What is needed:
The whole listing below must be printed again exactly, images excluded.

Dataset content:
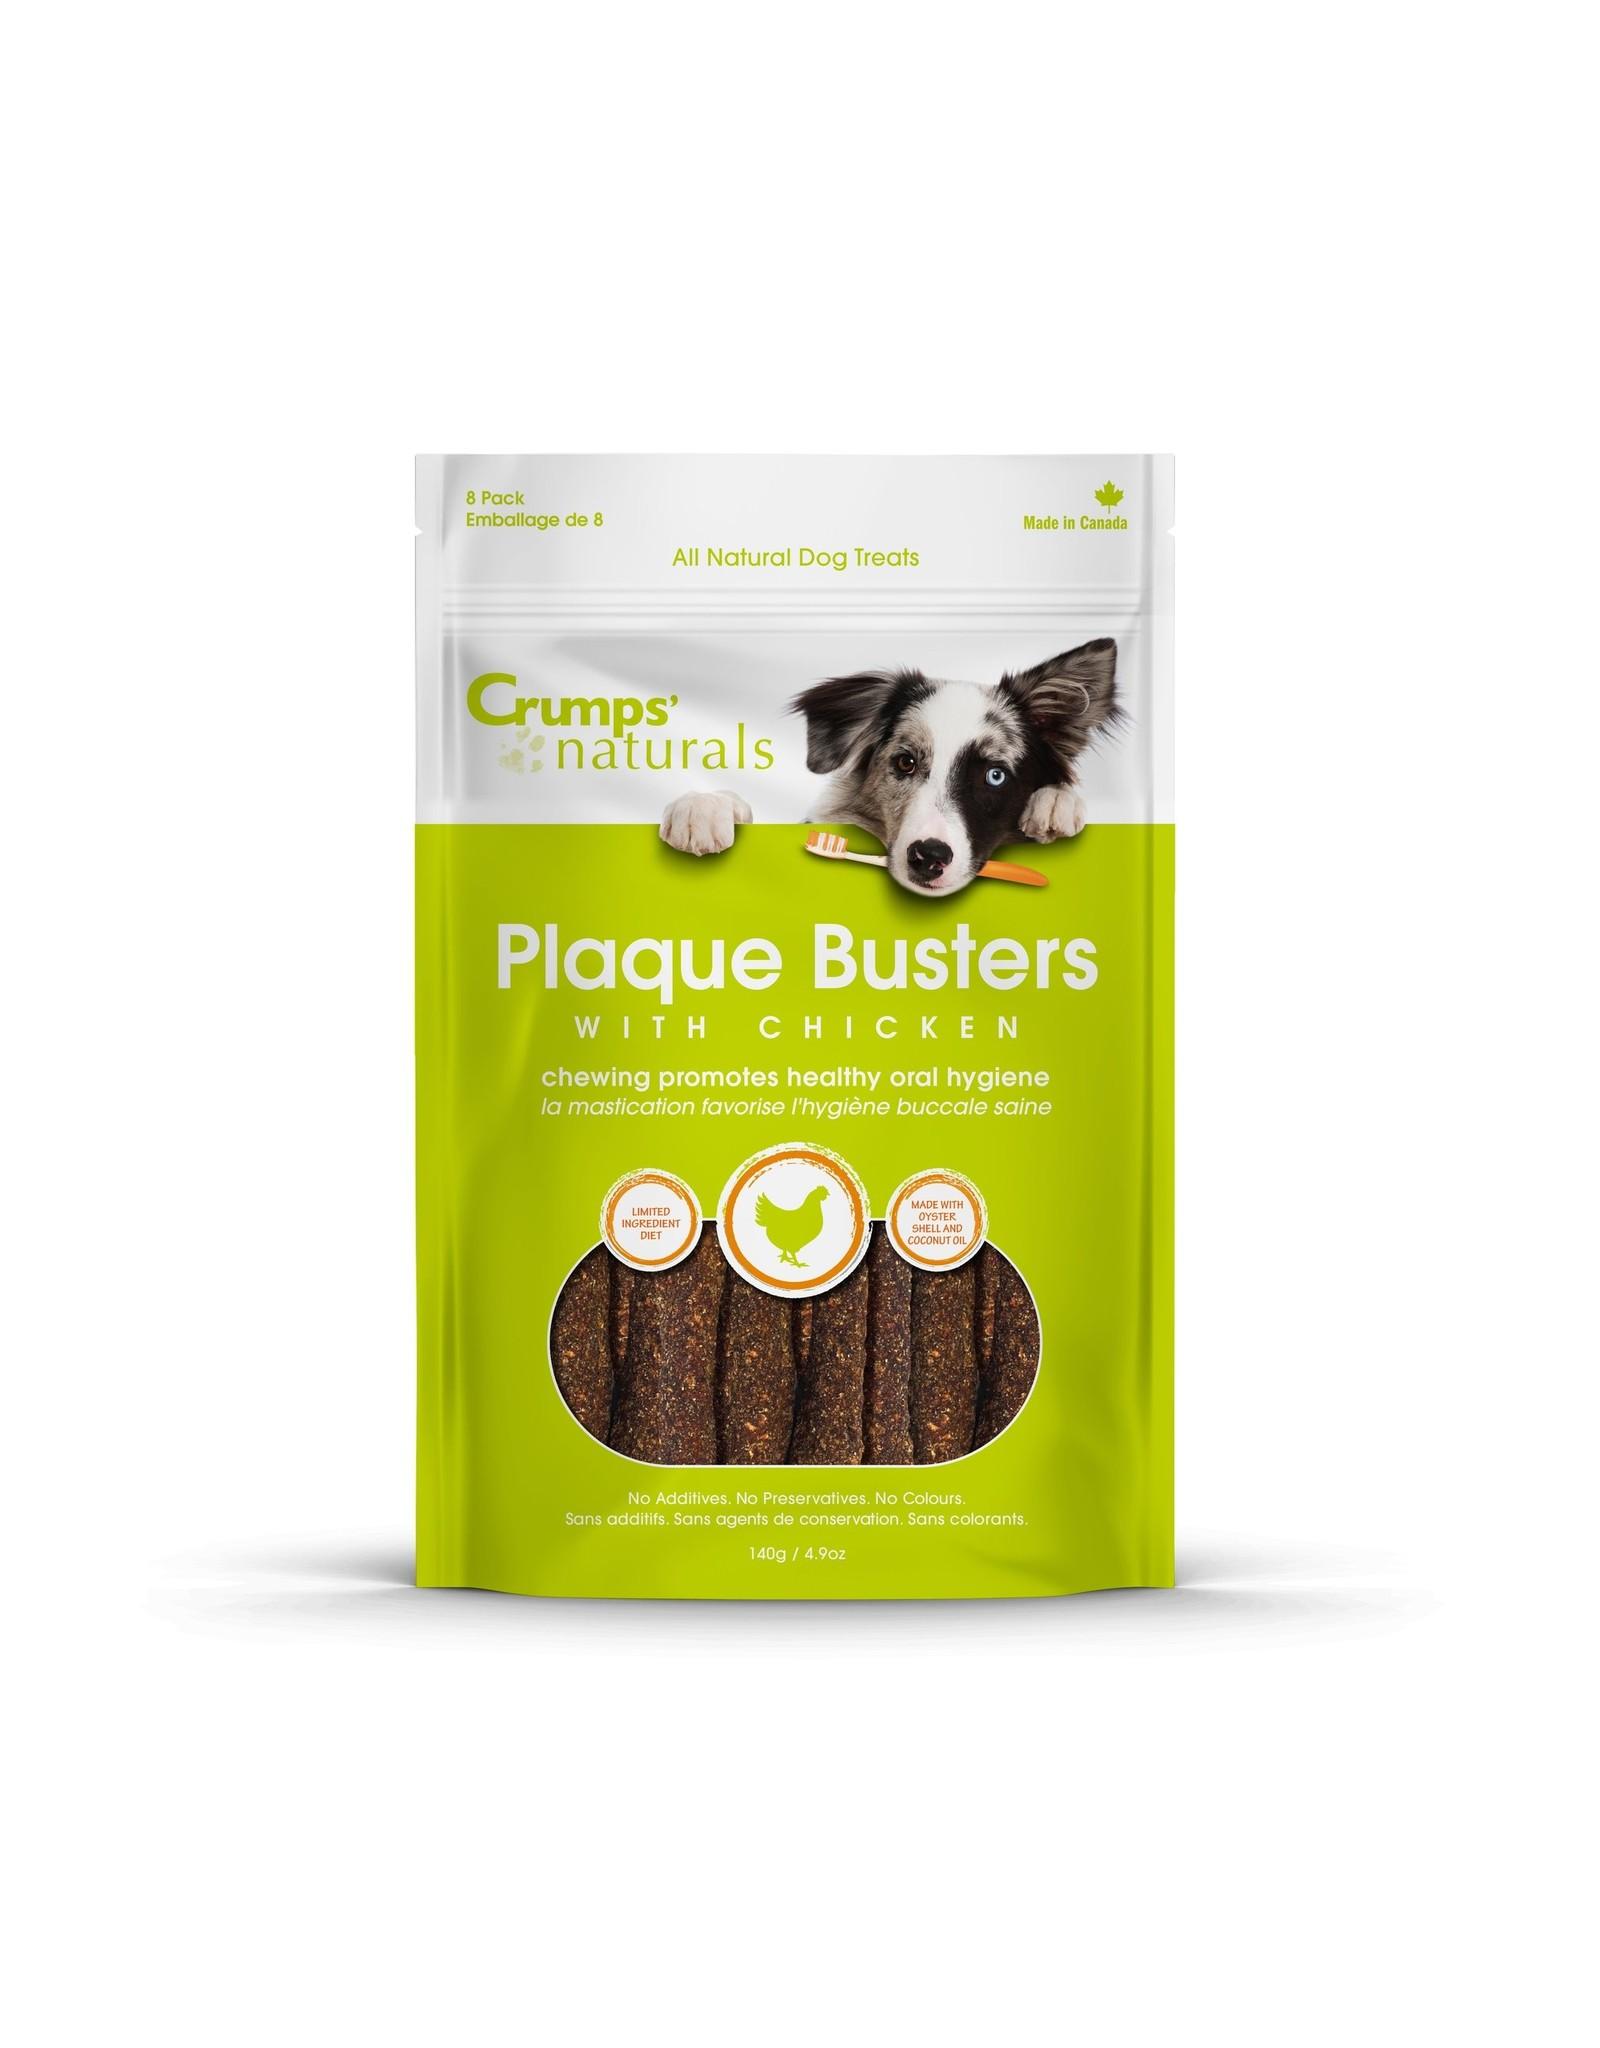 Crumps Naturals Crumps' Naturals Plaque Busters Chicken 7in 4.9oz Limited Ingredient Dog Dental Chews
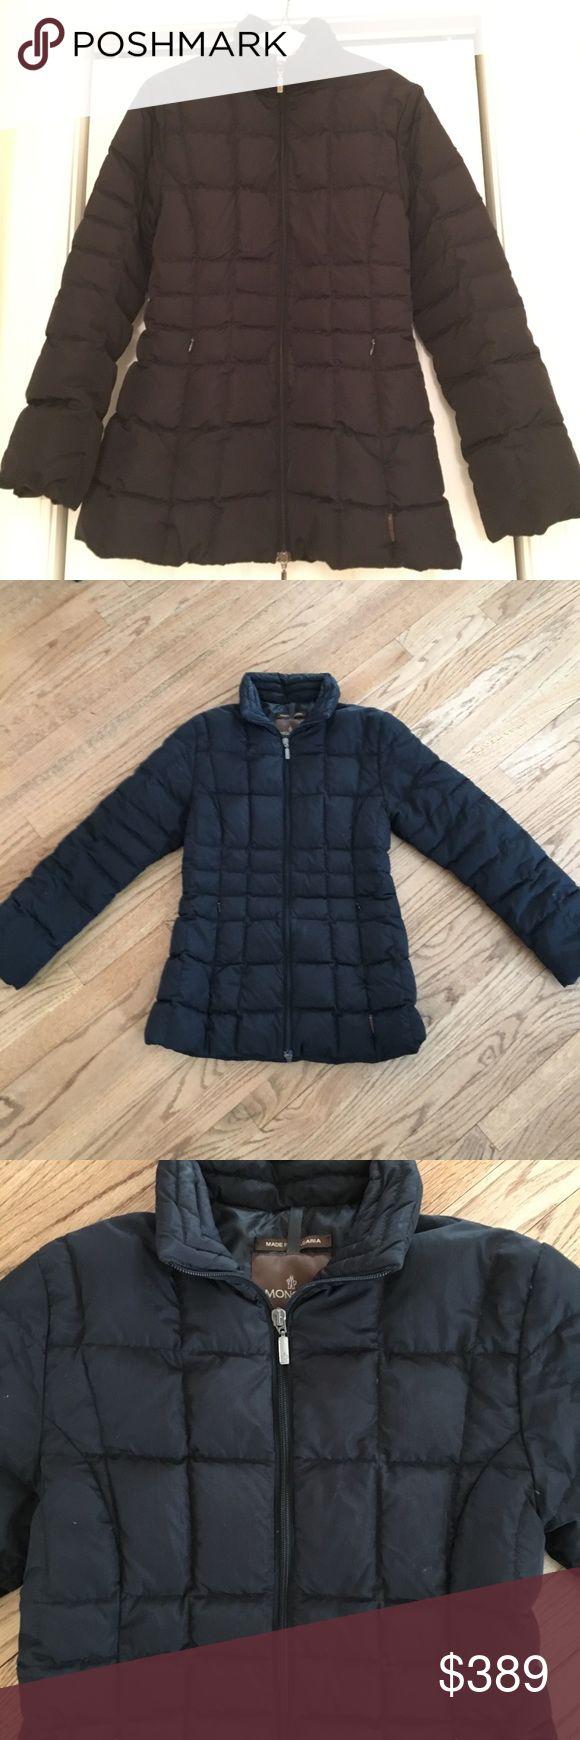 Moncler Black down puffer coat sz 0 XS Down puffer coat
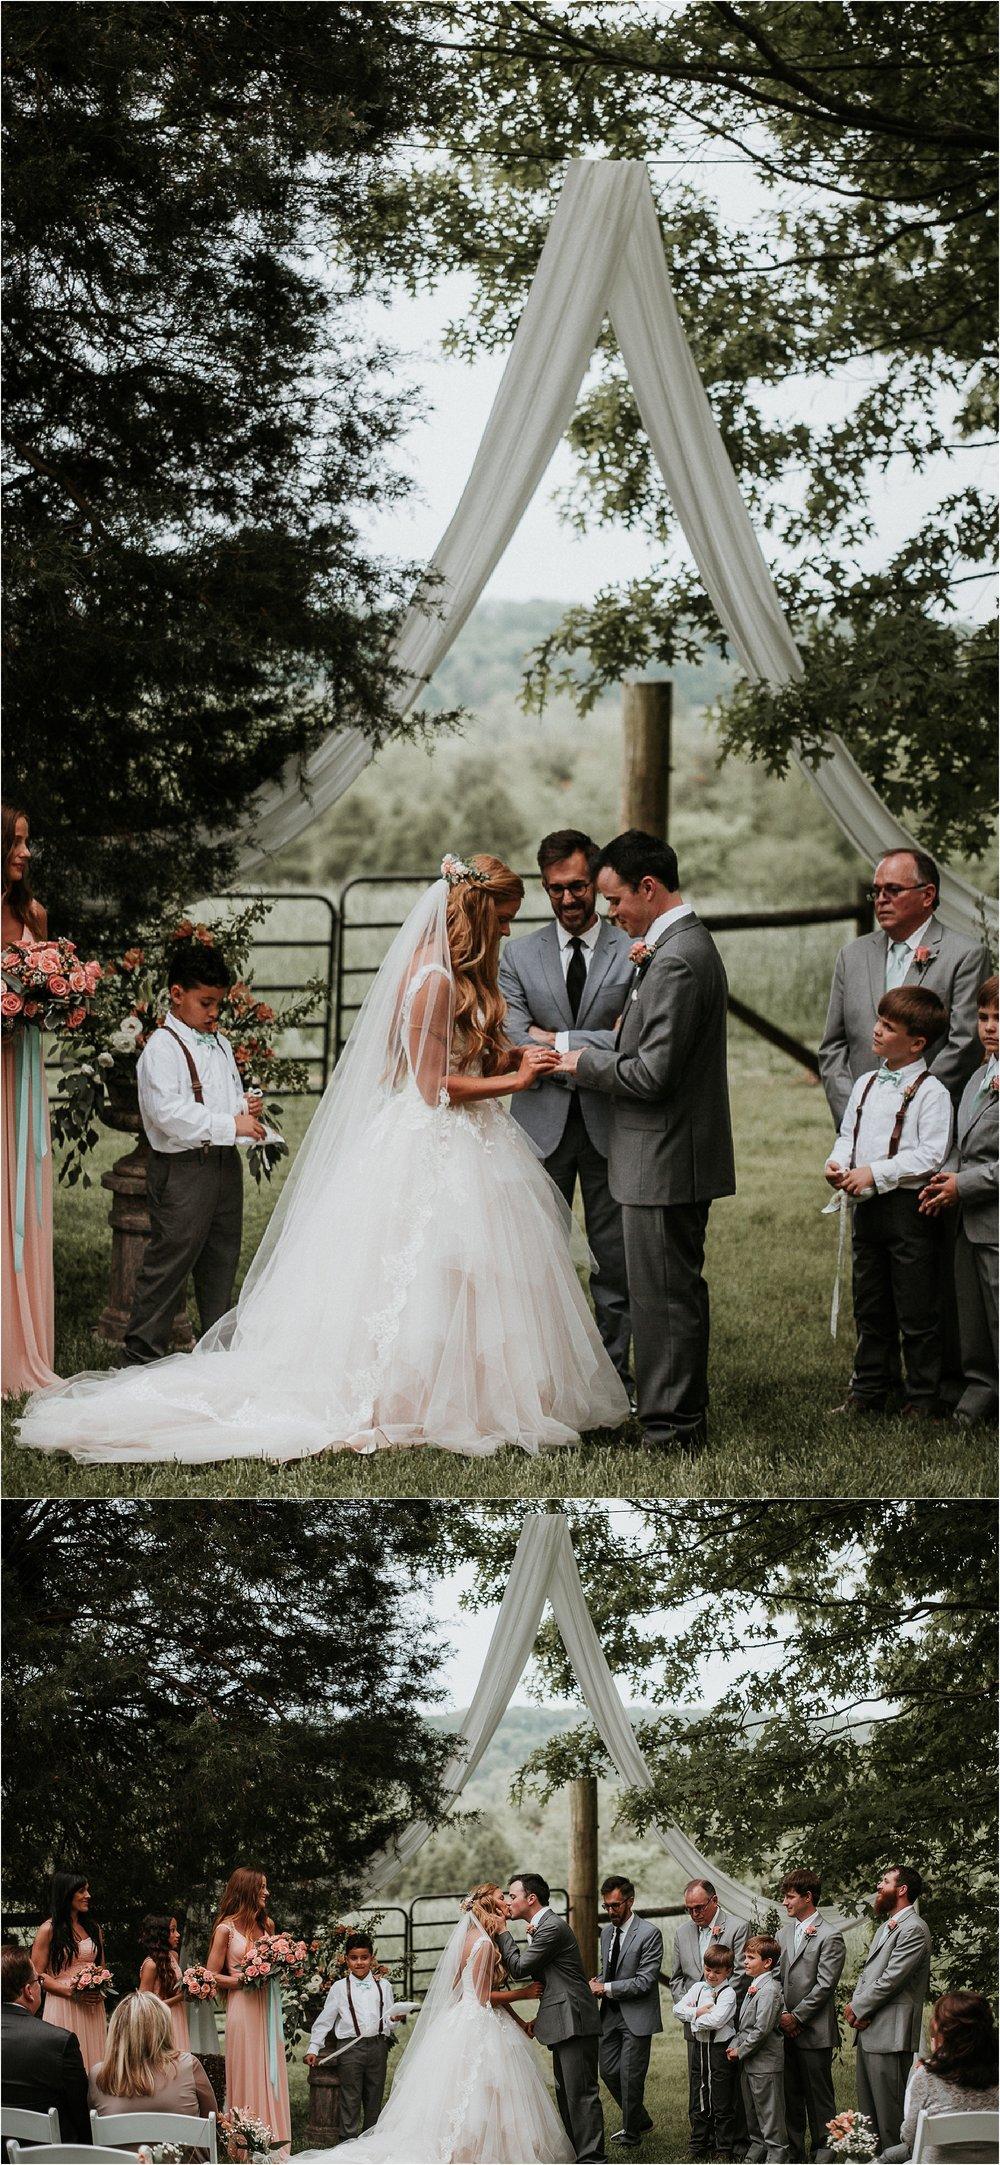 Carolina-Country-Weddings-Mount-Pleasant-nc-105.jpg

Task response:
 Crumps Naturals Crumps' Naturals Plaque Busters Chicken 7in 4.9oz Limited Ingredient Dog Dental Chews
 Moncler Black down puffer coat sz 0 XS Down puffer coat
 Carolina-Country-Weddings-Mount-Pleasant-nc-105.jpg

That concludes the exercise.